Tries

A trie is a variant of an n-ary-tree, in which characters are stored at each node. Each path down the tree may represent a word.

Tries are a relatively advance topic, make sure you come to this section once you feel a bit comfortable with Trees, Graphs and Recursion. Just be aware is quite important to be aware of this, as they come in interviews relatively often.

The * nodes (also known as "null nodes") are used to indicate completed words, just bear in mind these nodes are not always used. Sometimes people use nul pointers or boolean flags. In the example we have the completed words: many, my, lie, a.

A node in the trie dictionary could range from 1 to the alphabet size + 1 children (or 0 if boolean flags are being used instead of a * node).

Tries are commonly used to store an entire language for quick prefix lookups.

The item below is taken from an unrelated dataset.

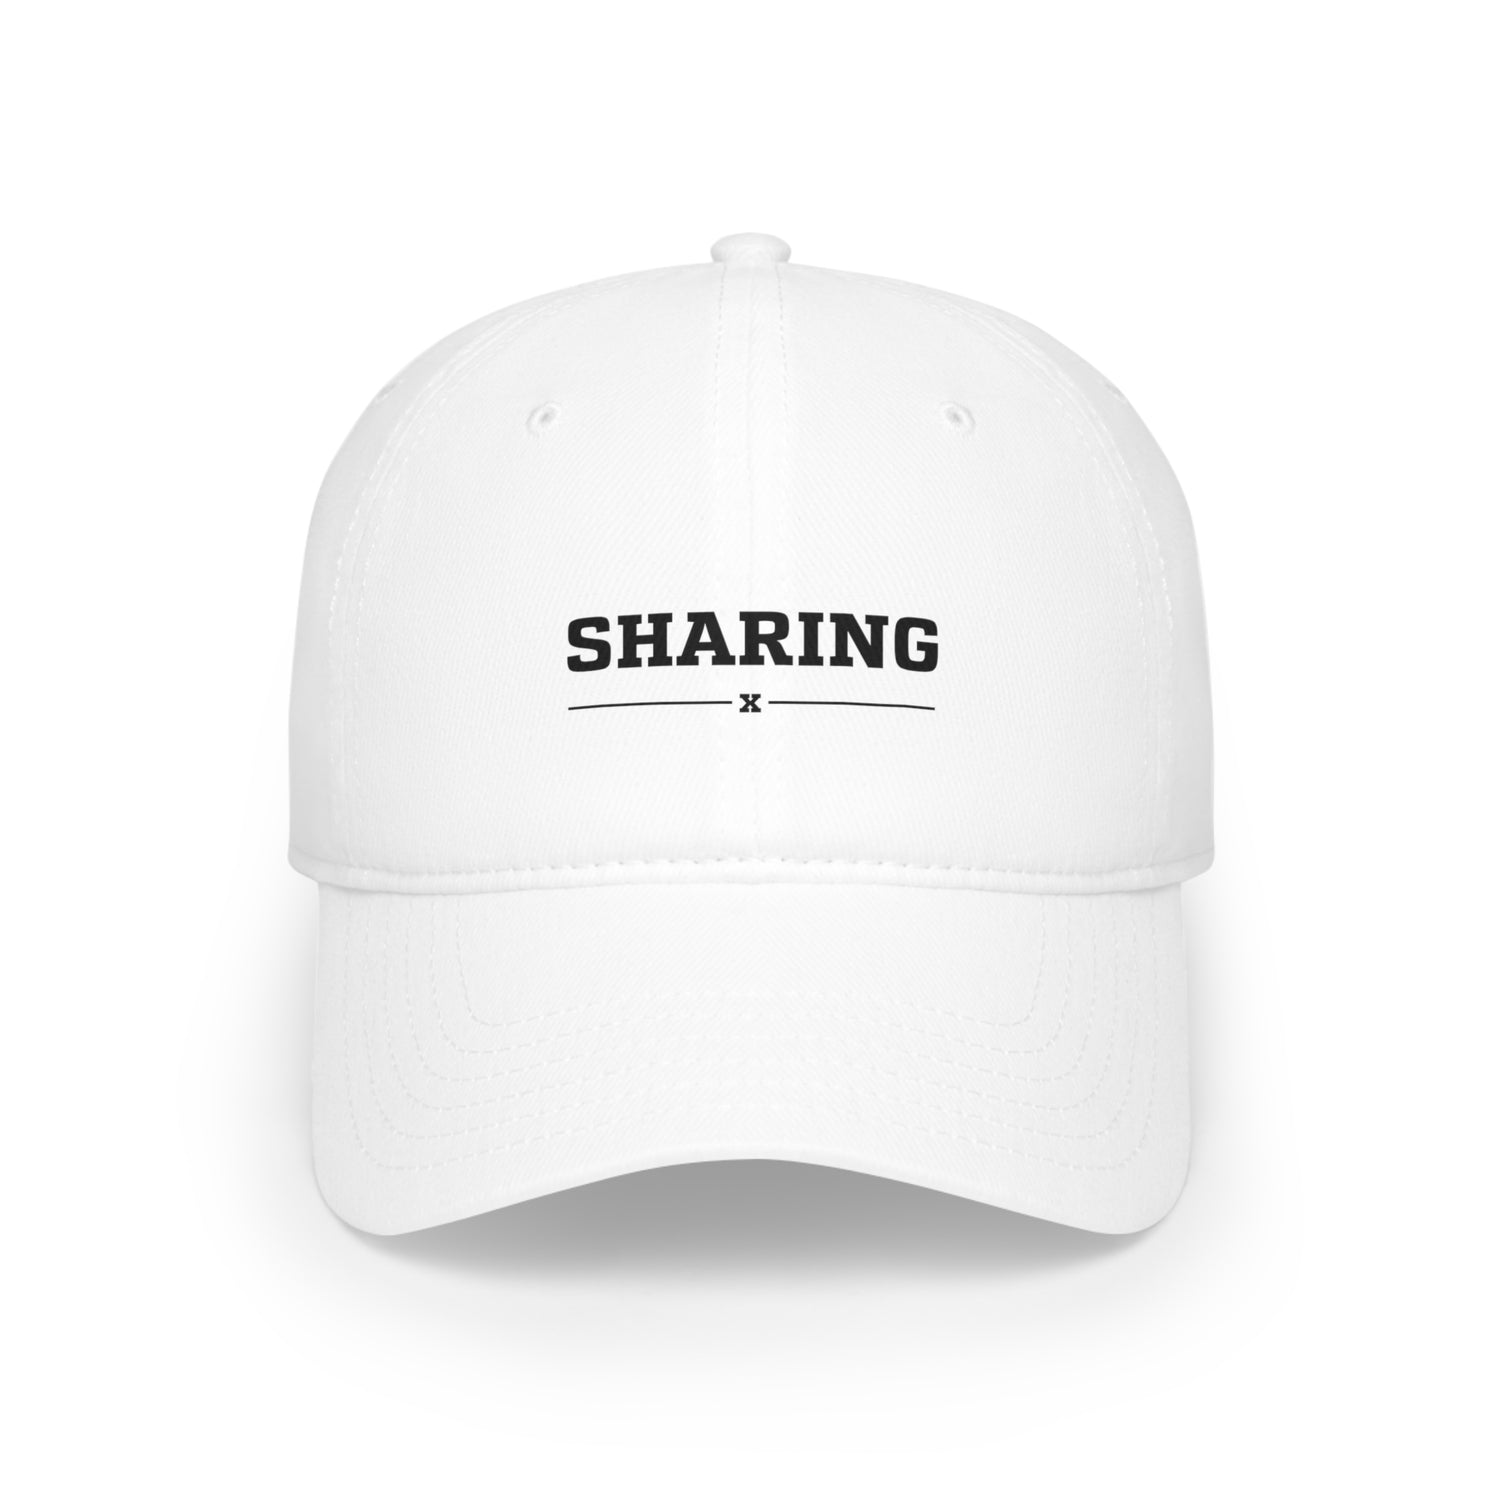 Sharing Baseball Cap

While a Hashmap can tell us quickly if a string is a valid word, it can't tell us if a string is a valid prefix of a word.

👉 Problem: Autocompletion

Given a list of words:

['dog', 'dark', 'cat', 'door', 'dodge']

And the input:

input = 'do'

Print or return back a list with all the words that start of the input string.

output = ['dog', 'door', 'dodge']

👎 Bad Solution

public ArrayList badSolution(ArrayList<String> list, String inputWord) {
    ArrayList<String> result = new ArrayList();
    for (String s : list) {
        if (s.contains(inputWord)) result.add(s);
    }
    return result;
}

Majority of people come up with a solution like this, which runs in O(N * K), where N is the size of the input list and K is the size of the string. This is not very efficient at all. Let's have a look at how we could optimise it using Tries.

👊 Solution

In order to solve this we will first need to assemble a Trie

Here is the implementation of the TrieNode and Trie classes:

Node

public class TrieNode {

    private char character;
    private HashMap<Character, TrieNode> children = new HashMap<>();
    private boolean isWord;

    TrieNode() {}

    TrieNode(char c) {
        this.character = c;
    }

    public char getCharacter() {
        return character;
    }

    HashMap<Character, TrieNode> getChildren() {
        return children;
    }

    boolean isWord() {
        return isWord;
    }

    void setWord(boolean word) {
        isWord = word;
    }
}

Don't let this scare you, its mainly boilerplate code - with getters and setters.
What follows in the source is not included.